Methods: Real-world EHR data of more than 2,200 patients treated with ICI through December 31, 2018, were used to develop predictive models. Using a prediction time point of ICI initiation, a 1-year prediction time window was applied to create binary labels for the four outcomes for each patient. Feature engineering involved aggregating laboratory measurements over appropriate time windows (60-365 days). Patients were randomly partitioned into training (80%) and test (20%) sets. Random forest classifiers were developed using a rigorous model development framework.
Results: The patient cohort had a median age of 63 years and was 61.8% male. Patients predominantly had melanoma (37.8%), lung cancer (27.3%), or genitourinary cancer (16.4%).

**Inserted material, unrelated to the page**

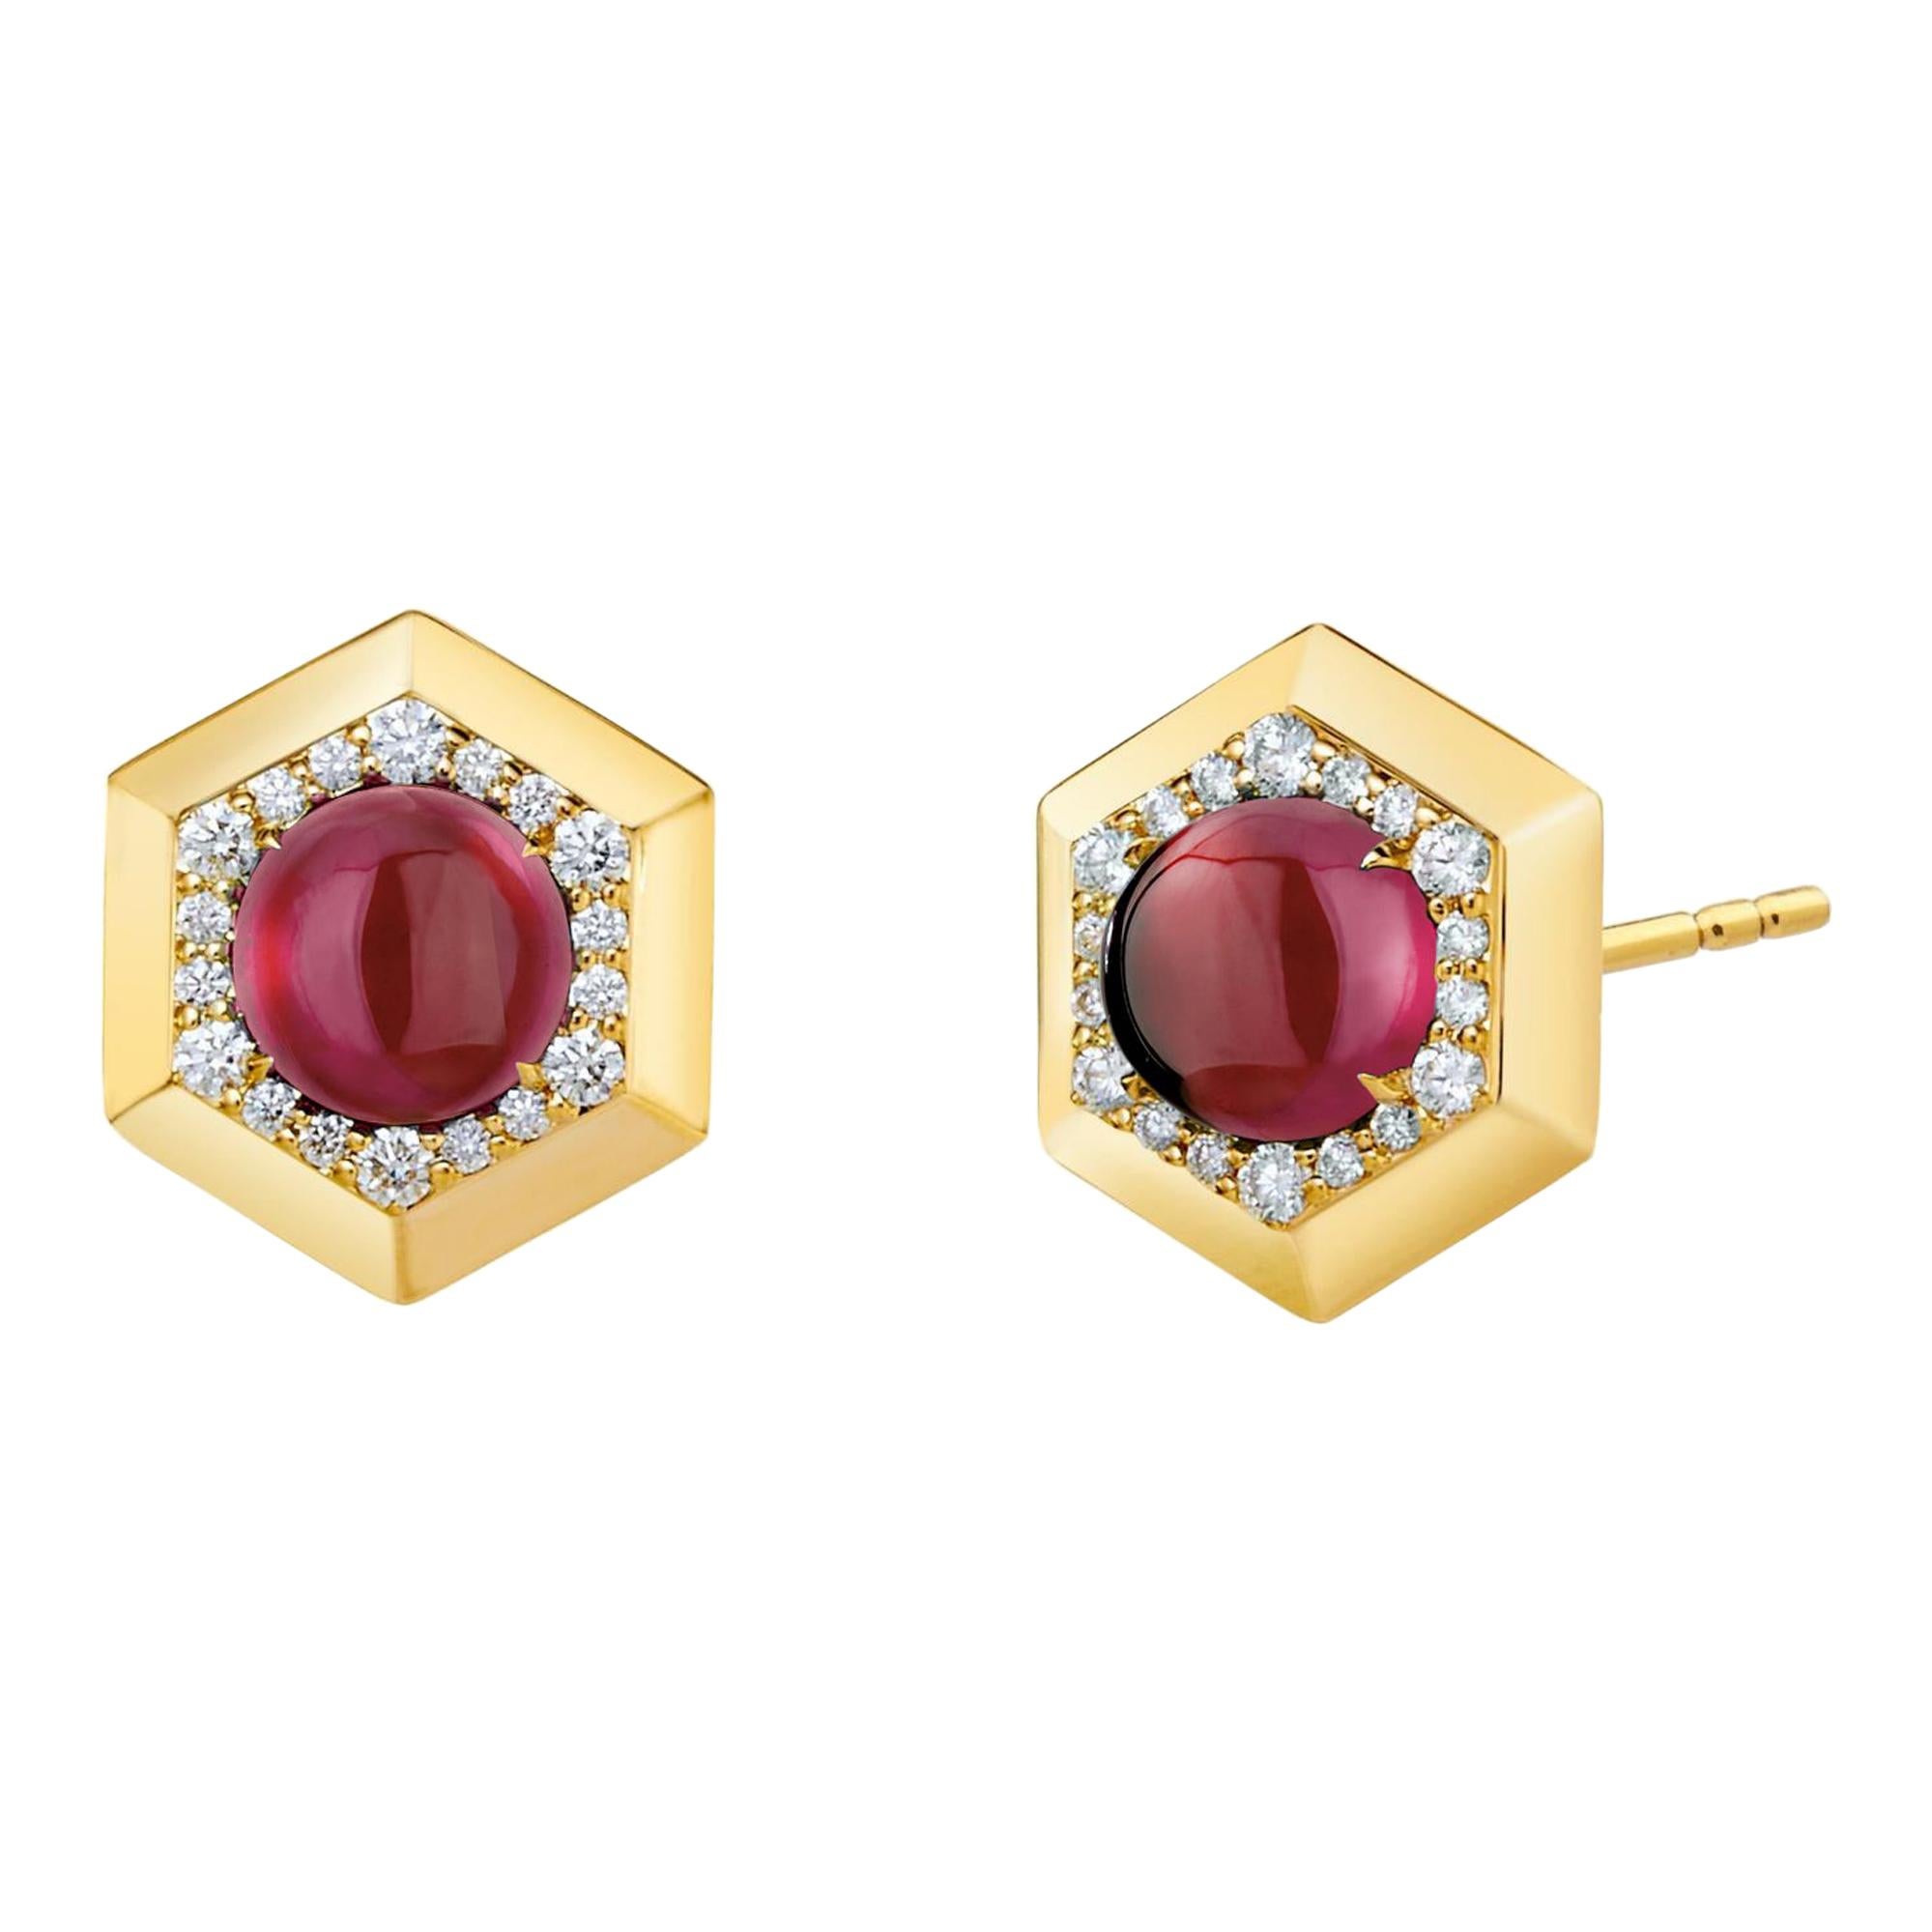 Syna Yellow Gold Hex Earrings with Rhodolite Garnet and Diamonds

They were treated with PD-1 (60.4%), PD-L1 (9.0%), and CTLA-4 (19.7%) ICIs. Our models demonstrate reasonably strong performance, with AUCs of 0.739, 0.729, 0.755, and 0.752 for the pneumonitis, hepatitis, colitis, and 1-year overall survival models, respectively. Each model relies on an outcome-specific feature set, though some features are shared among models.
Conclusion: To our knowledge, this is the first ML solution that assesses individual ICI risk-benefit profiles based predominantly on routine structured EHR data. As such, use of our ML solution will not require additional data collection or documentation in the clinic.